Writer's picture: M. H. AyindeM. H. Ayinde

Updated: Jan 12




Who else watched Interior Chinatown? The original book by Charles Yu is one of my favourite pieces of fiction about racist stereotyping and pigeonholing. It’s also one of those books where I was like, how are they ever gonna translate this to the screen?! I think the approach they took (no spoilers, but IMO it’s subtly yet also significantly different from the book) worked brilliantly, especially given the ending, and I still found it an immensely satisfying social satire and (painful) parody of Hollywood (and cop shows, and TV in general.)


In particular, the central allegory about how coming from certain backgrounds means your life feels like you’re stuck in someone else’s show, having to play by their ever-changing rules, based on their preconceptions of who you are, in a role chosen for you and from which you are not permitted to break out, with little control over your fate (omg that slamming door scene at the police precinct… I felt it in my soul!) remains as incisive as I found it in the book.


“He stopped playing his role,” a character says at one point, and oof, how many times have some of us known THAT particular sentiment. Also “the news makes reality” - ouch. So many weighty lines in amongst all the humour and Ronny Chieng’s glorious grumpy waiter scenes.
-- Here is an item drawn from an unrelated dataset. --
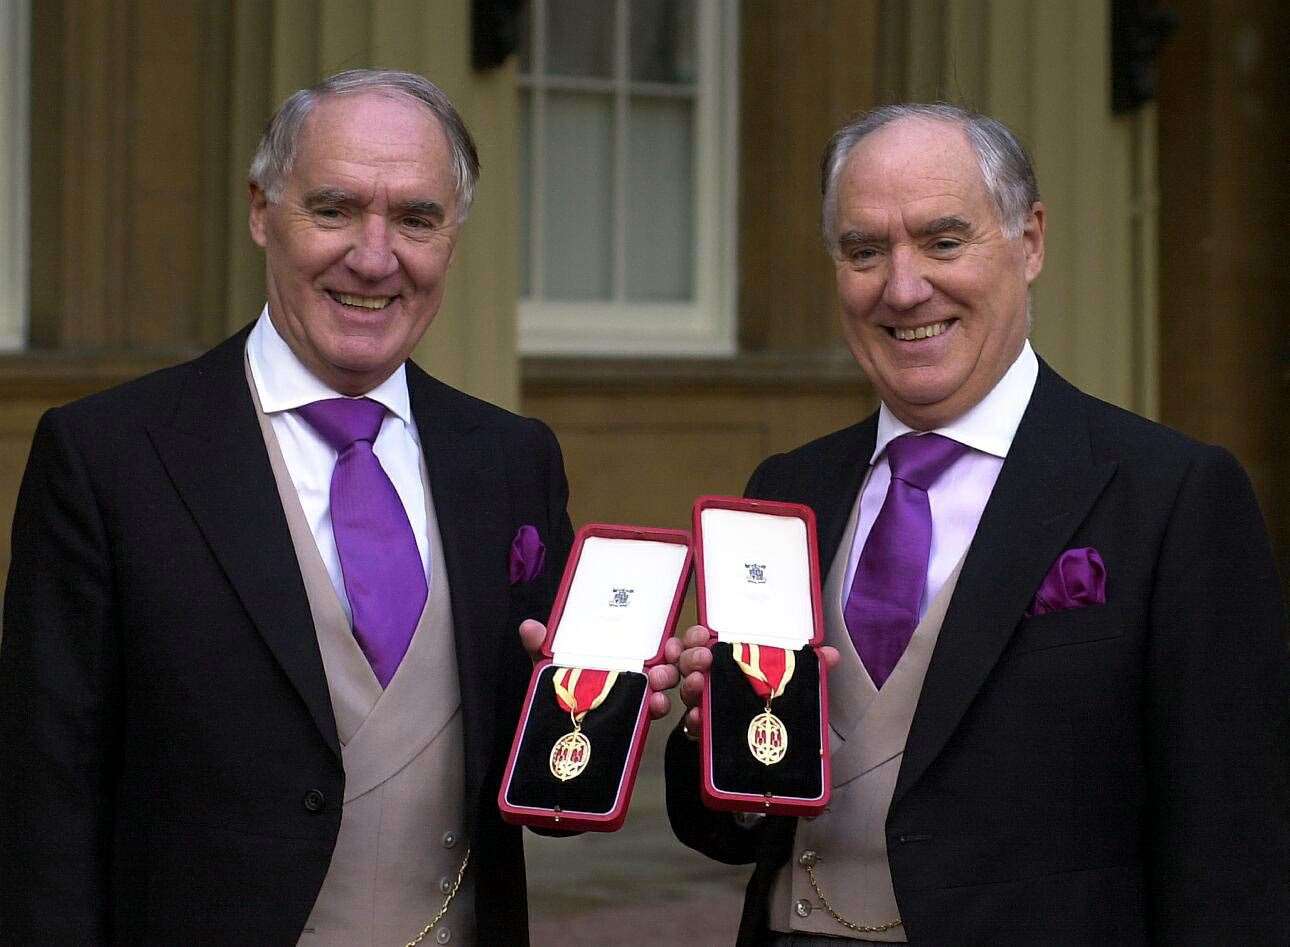 Sir Frederick Barclay, right, and his twin brother, Sir David, after receiving their knighthoods in 2000 (Michael Stephens/PA)

I also really appreciated Diana Lin’s sidelined mother character, and Chloe Bennet’s racially ambiguous, job-changing Detective Lee (I could probably write a whole essay about that character and what she represented to me as a person of mixed heritage.)


This is the sort of show I could talk about all day because it addresses one of the least explored and most damaging aspects of racism: the restrictive boxes we’re placed it. Because that’s what racism is, at its heart: a system of control that divides people into categories and assigns them roles based on those categories, roles from which they are not permitted to escape.